* **Task prompt**
Look through the records below for the line holding "Dropship 12 Pairs". Write it out exactly, with each following line through the line holding "Bitcoin on Scottish".

* **Data**

:::::

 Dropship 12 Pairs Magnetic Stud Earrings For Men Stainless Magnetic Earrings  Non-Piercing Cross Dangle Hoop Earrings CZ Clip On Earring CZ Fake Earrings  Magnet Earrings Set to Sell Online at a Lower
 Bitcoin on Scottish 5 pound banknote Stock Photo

:::::

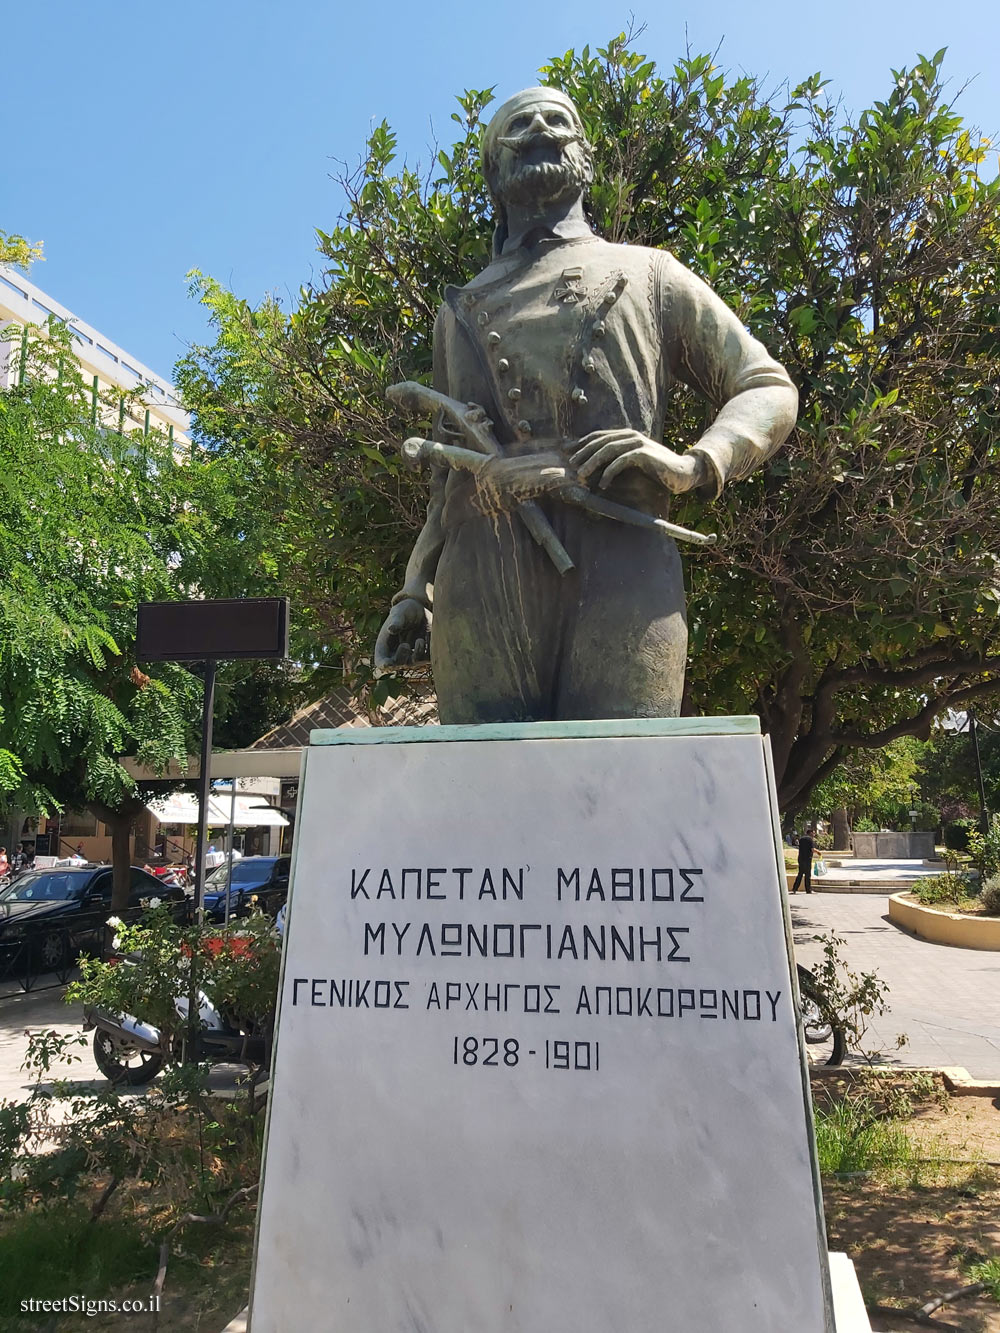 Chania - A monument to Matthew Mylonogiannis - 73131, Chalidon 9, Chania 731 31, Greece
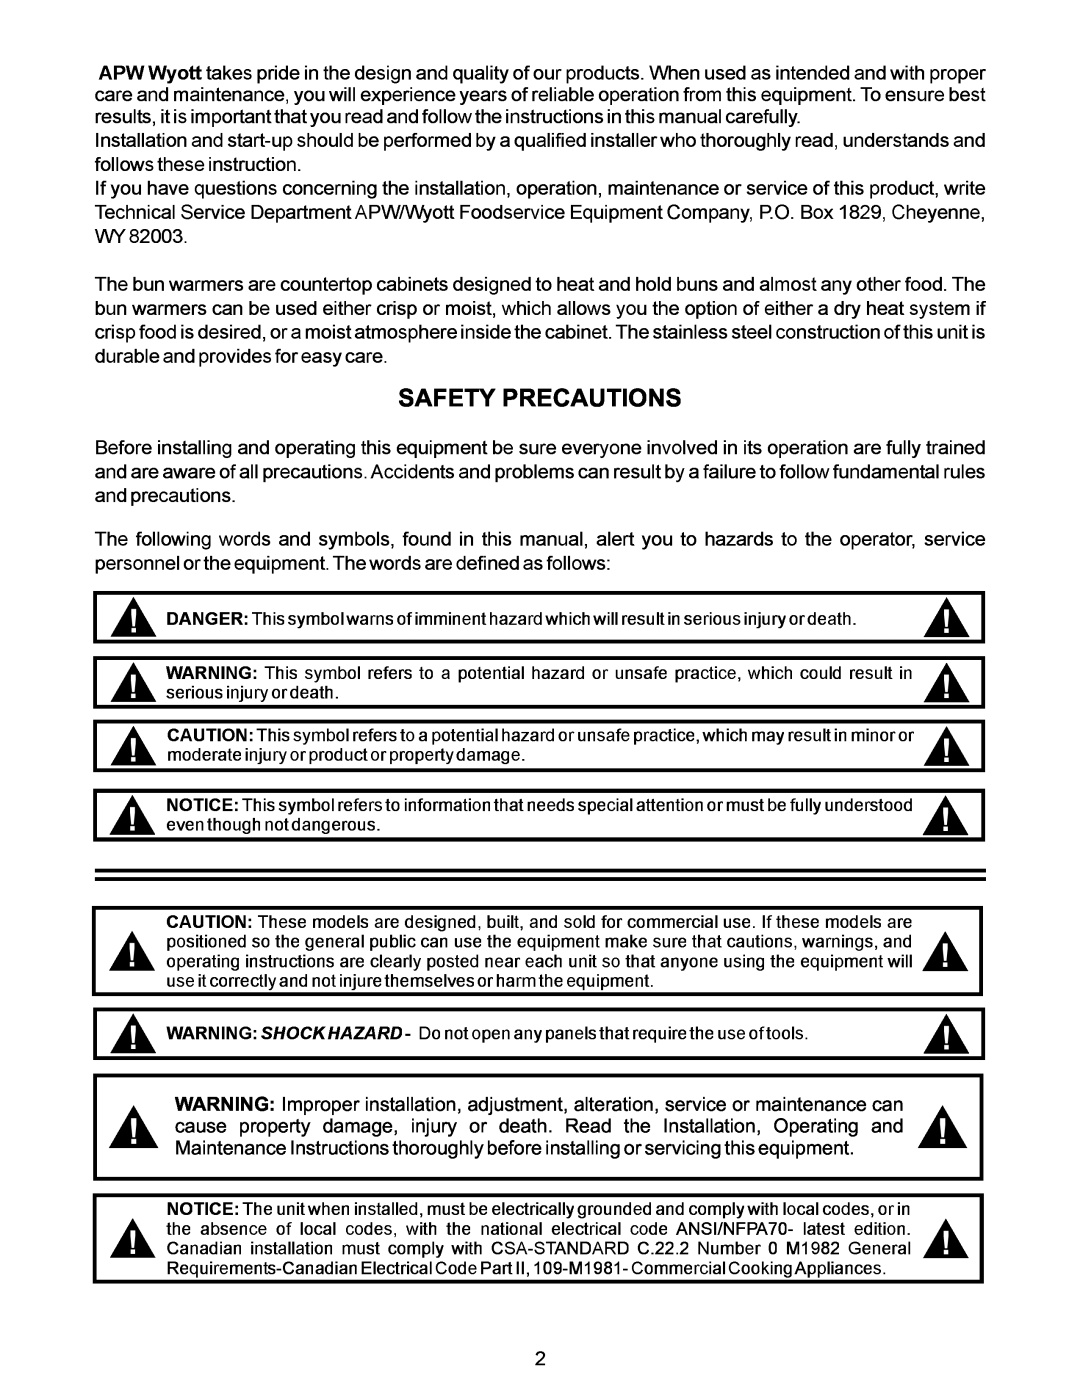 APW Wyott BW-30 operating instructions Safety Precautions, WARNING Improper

:::::

* **Exercise output**
 Dropship 12 Pairs Magnetic Stud Earrings For Men Stainless Magnetic Earrings  Non-Piercing Cross Dangle Hoop Earrings CZ Clip On Earring CZ Fake Earrings  Magnet Earrings Set to Sell Online at a Lower
 Bitcoin on Scottish 5 pound banknote Stock Photo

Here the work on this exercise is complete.